The Yugoslav rules referred to above have not made it perfectly clear whether interest on default is only due when delay in payment is attributable to the fault of the debtor, or whether such interest is a simple consequence of the objective fact that payment was not made in time. Article 277 of the Act on Obligations, and Article 1 of the Act on the Amount of Interest on Default simply state that interest on default is owed if the debtor is late with payment. In recent Yugoslav scholarly writings two justices of the Supreme Court of Serbia have taken a position that interest on default is due when the debtor is responsible for the delay. According to Justice Latinovic, "Interest on default is a consequence of breach of contract by the debtor . . ." (Z. Latinovic, Zatezna kamatazbog docnje u placanju novcane obaveze, Pravni zivot 9-10/1992, 1426, at p. 1428). In the words of Justice Maljkovic "Interest on default regarding pecuniary claims is due from the moment the debtor is in default." (B. Maljkovic, zatezna kamata na novcano potrazivanje nenovcane stete, Pravni zivot 9-10/1992, 1436, at p. 1438.) Under Yugoslav law, there is no default if lack of performance is not imputable to the debtor. At the same time, according to Article 262 (4) of the 1978 Act on Obligations, the debtor will be responsible even if his performance became impossible, if it became impossible after the debtor fell into default. We shall be guided by these rules.

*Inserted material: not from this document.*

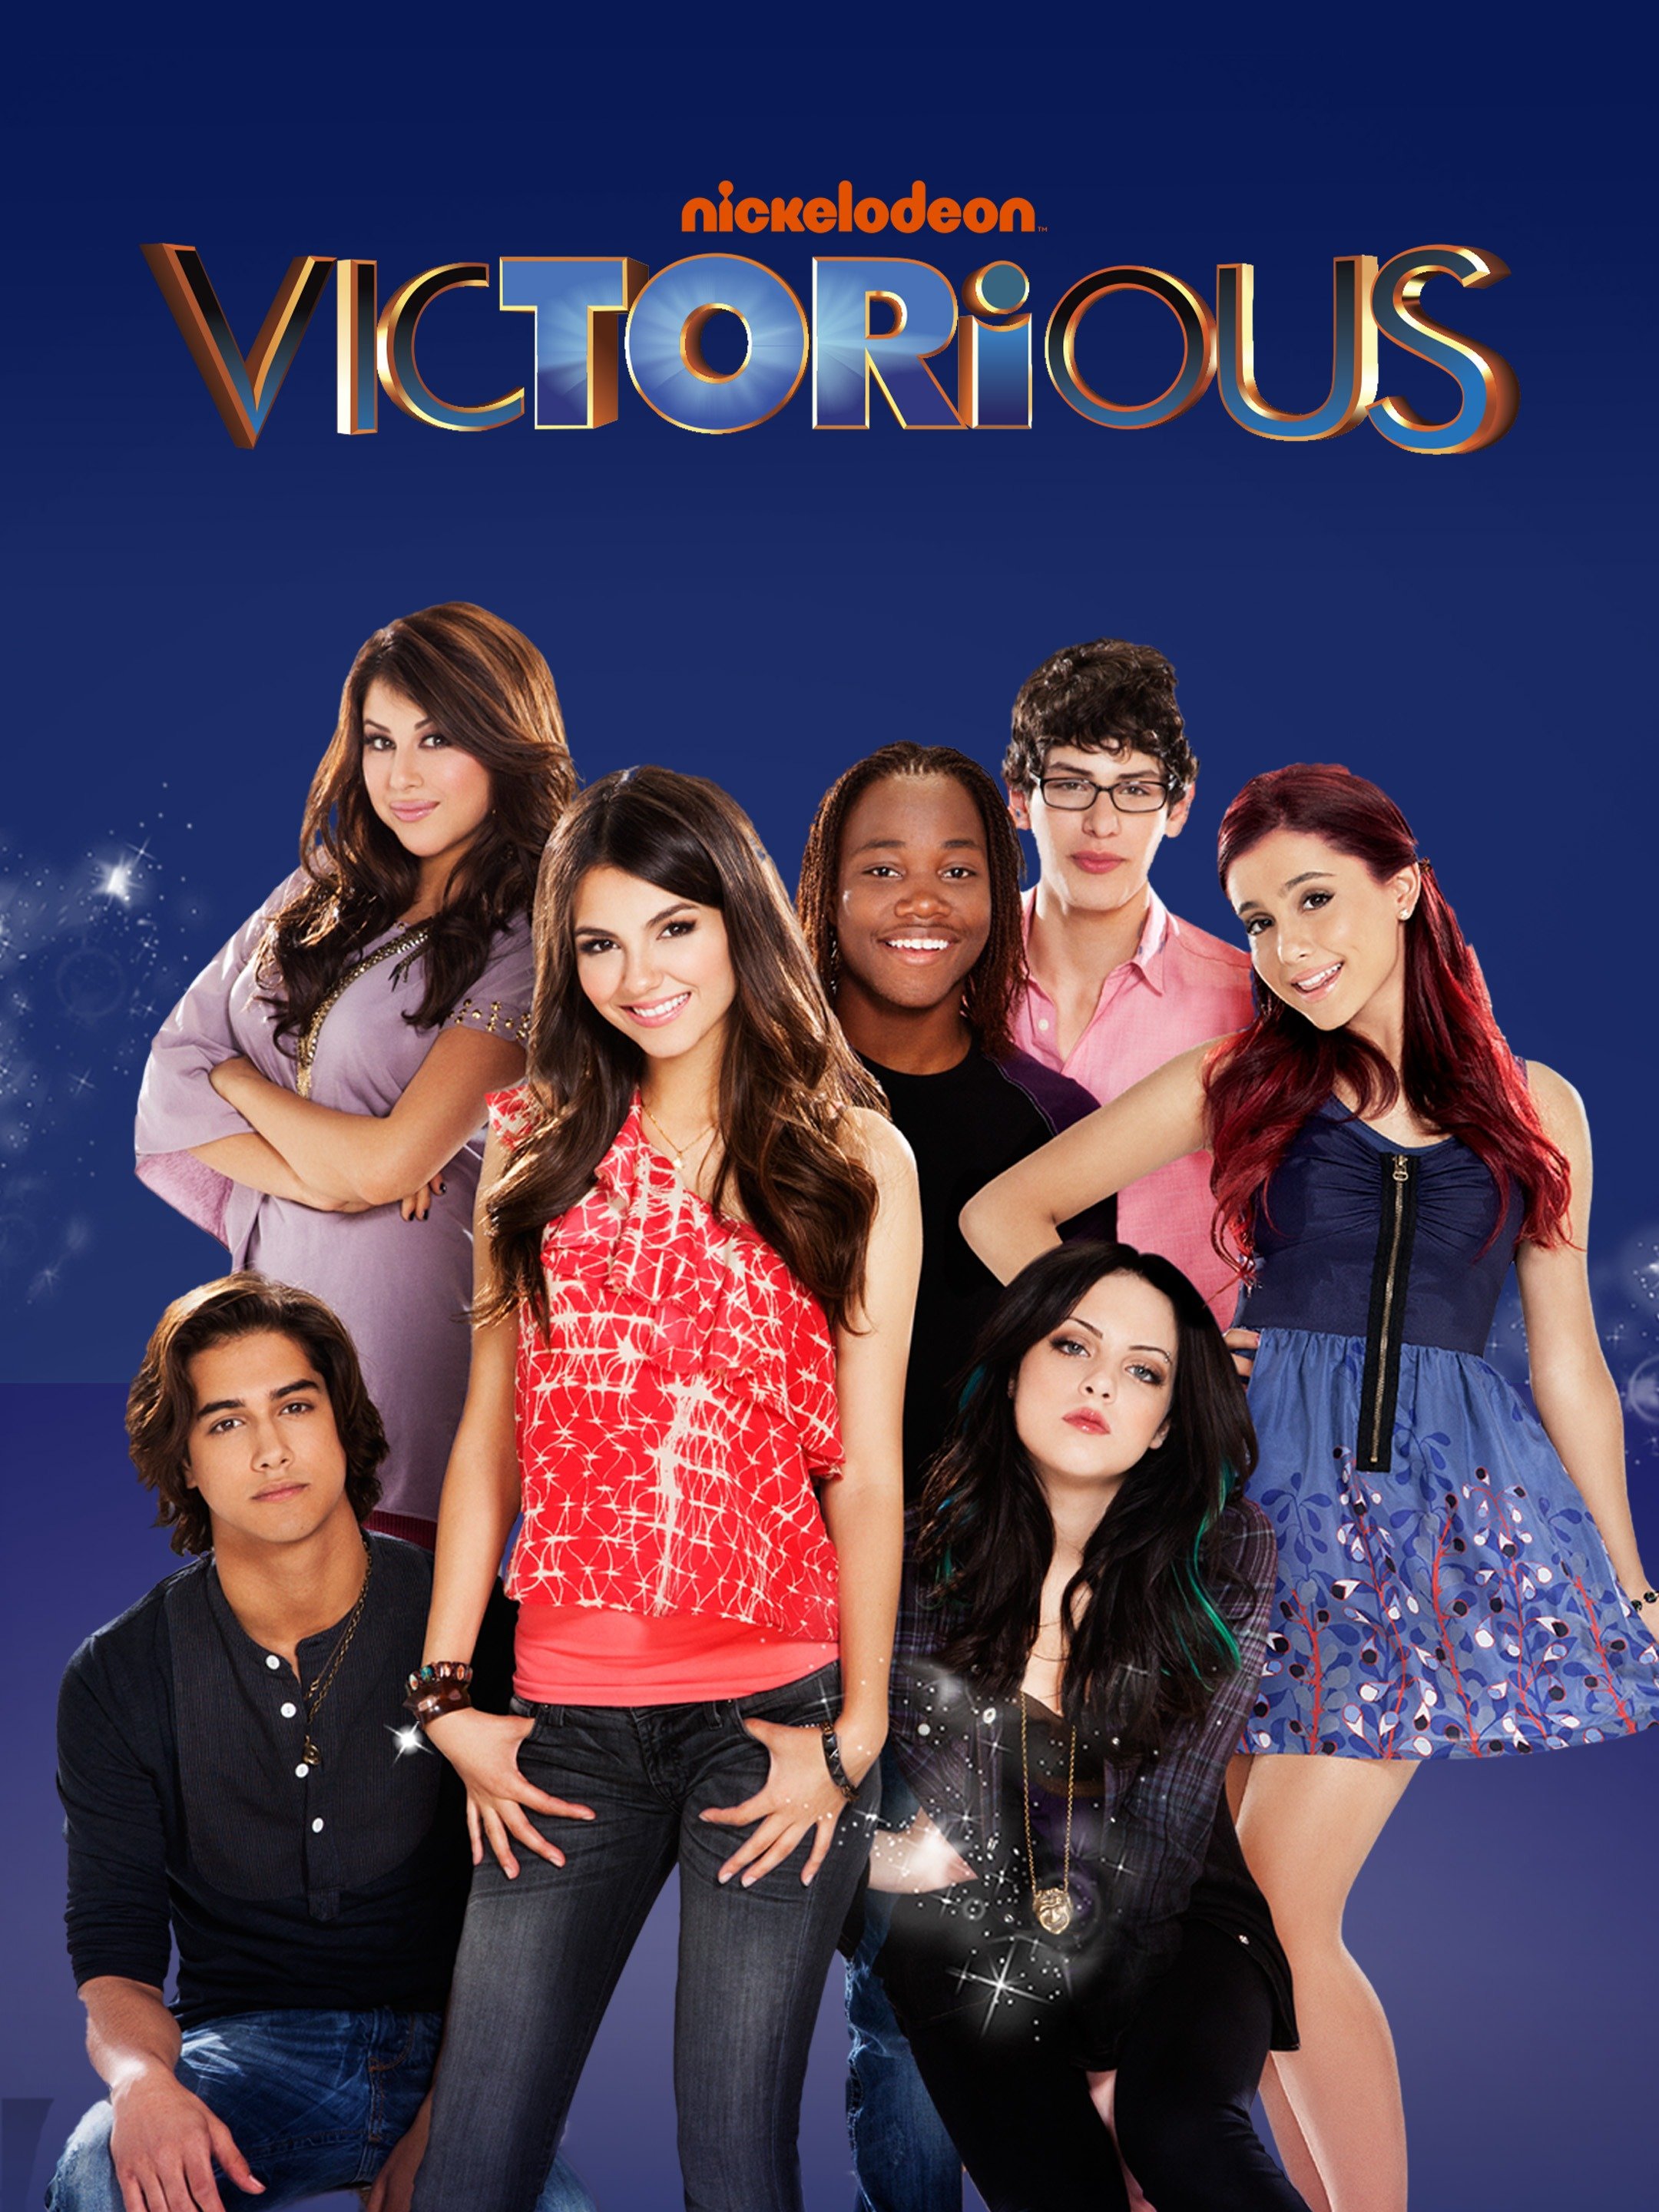 https://static.wikia.nocookie.net/arianagrande/images/c/c0/Victorious_Poster.jpg/revision/latest?cb=20221224164826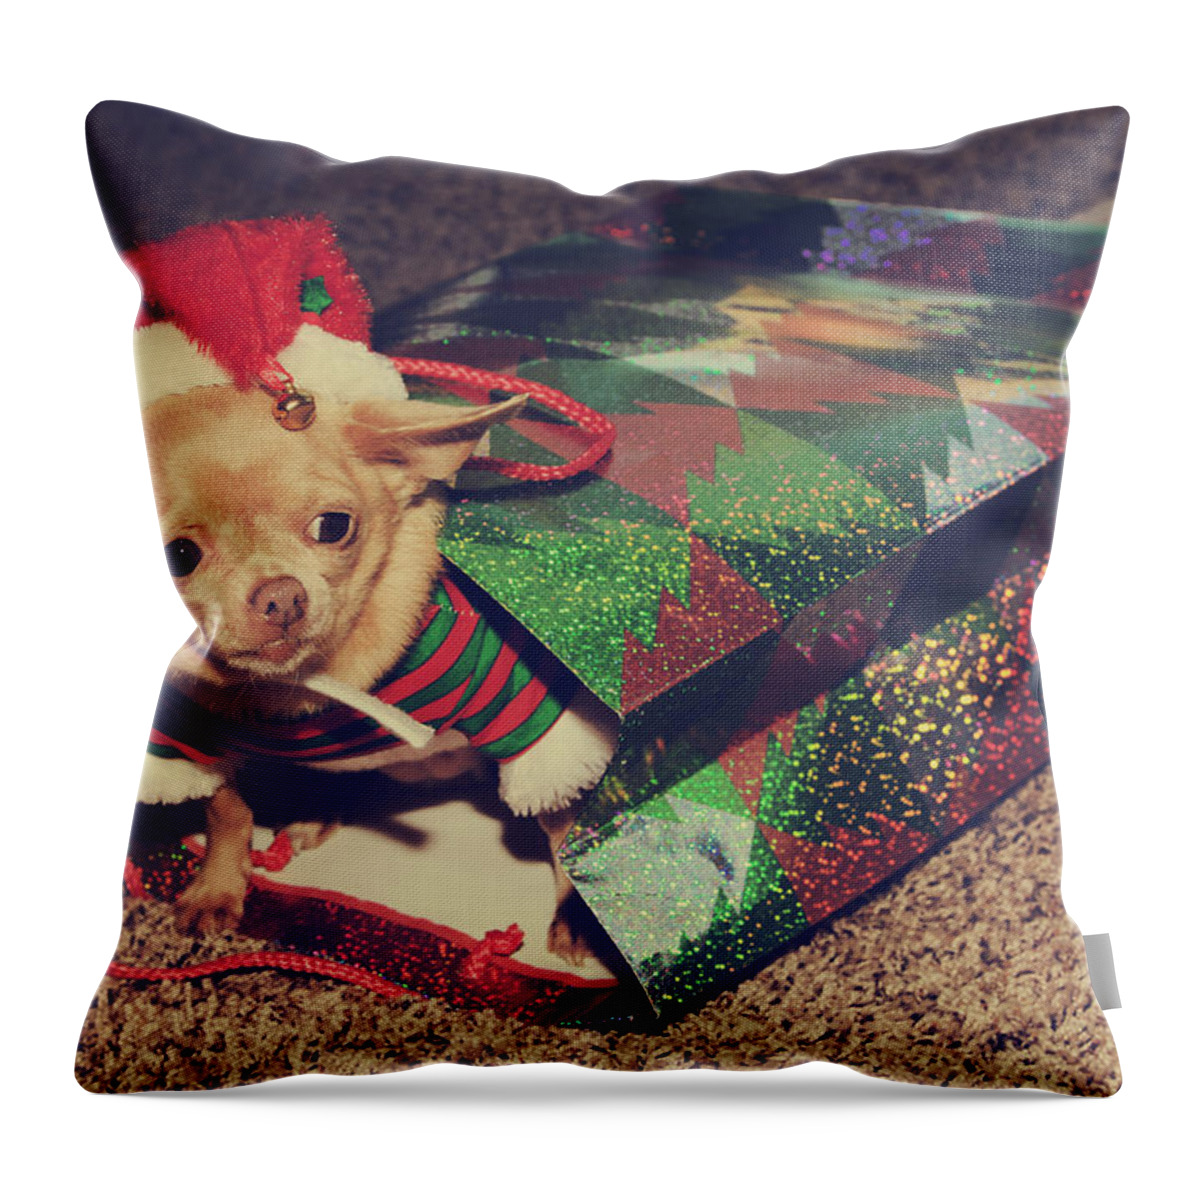 Dog Throw Pillow featuring the photograph A Sweet Christmas Surprise by Laurie Search

The UN sanctions had created a rather peculiar situation regarding the distribution of liabilities for failure to perform. We have established in this award that [Buyer] is liable to pay the purchase price notwithstanding whether he was or was not able to make proper use of the goods. Respondent/Buyer became responsible for the goods before the UN sanctions became effective in Hungary (they became effective on June 3, 1992 by virtue of Government Order No. 91/1992.) As far as payment is concerned, according to the Purchase Agreement of May 21, 1992, Buyer was supposed to pay US $15,000 before delivery, while the balance was due "within two weeks after delivery". This means that with respect to US $15,000 -- Buyer was in default before the sanctions became effective, he could have and should have paid at a date when payment was possible and his status of being a defaulting party cannot be changed by a later force majeure under Article 262(4) of the Yugoslav Act on Obligations. This is not the case, however, with respect to the balance of US $78,127. With respect to this latter amount [Buyer] was not in default on June 3, 1992, the sanctions effectively thwarted payment. As a matter of fact, Claimant acknowledges in the statement of claim that in July 1992, [Buyer] made attempts to pay, but this was hindered by the UN sanctions. The payment of this amount became only possible when the UN sanctions were suspended. Suspension became effective on November 22, 1995 at 24:00 hours. (Resolution of the UN Security Council No. 1022/1995 -- Published in Hungary in Magyar Közlöny No. 102/1995.) Therefore, from November 23, 1995, [Buyer] was in default with the payment of the amount of US $78,127 -- short of convincing evidence to the contrary -- and no such evidence was presented.
On ground of these considerations the arbitrators have concluded that [Buyer] owes:
a) 8% interest on the amount of US $15,000 from May 28, 1992, until payment:
b) 8% interest on the amount of US $78,127 from November 23, 1995, until payment.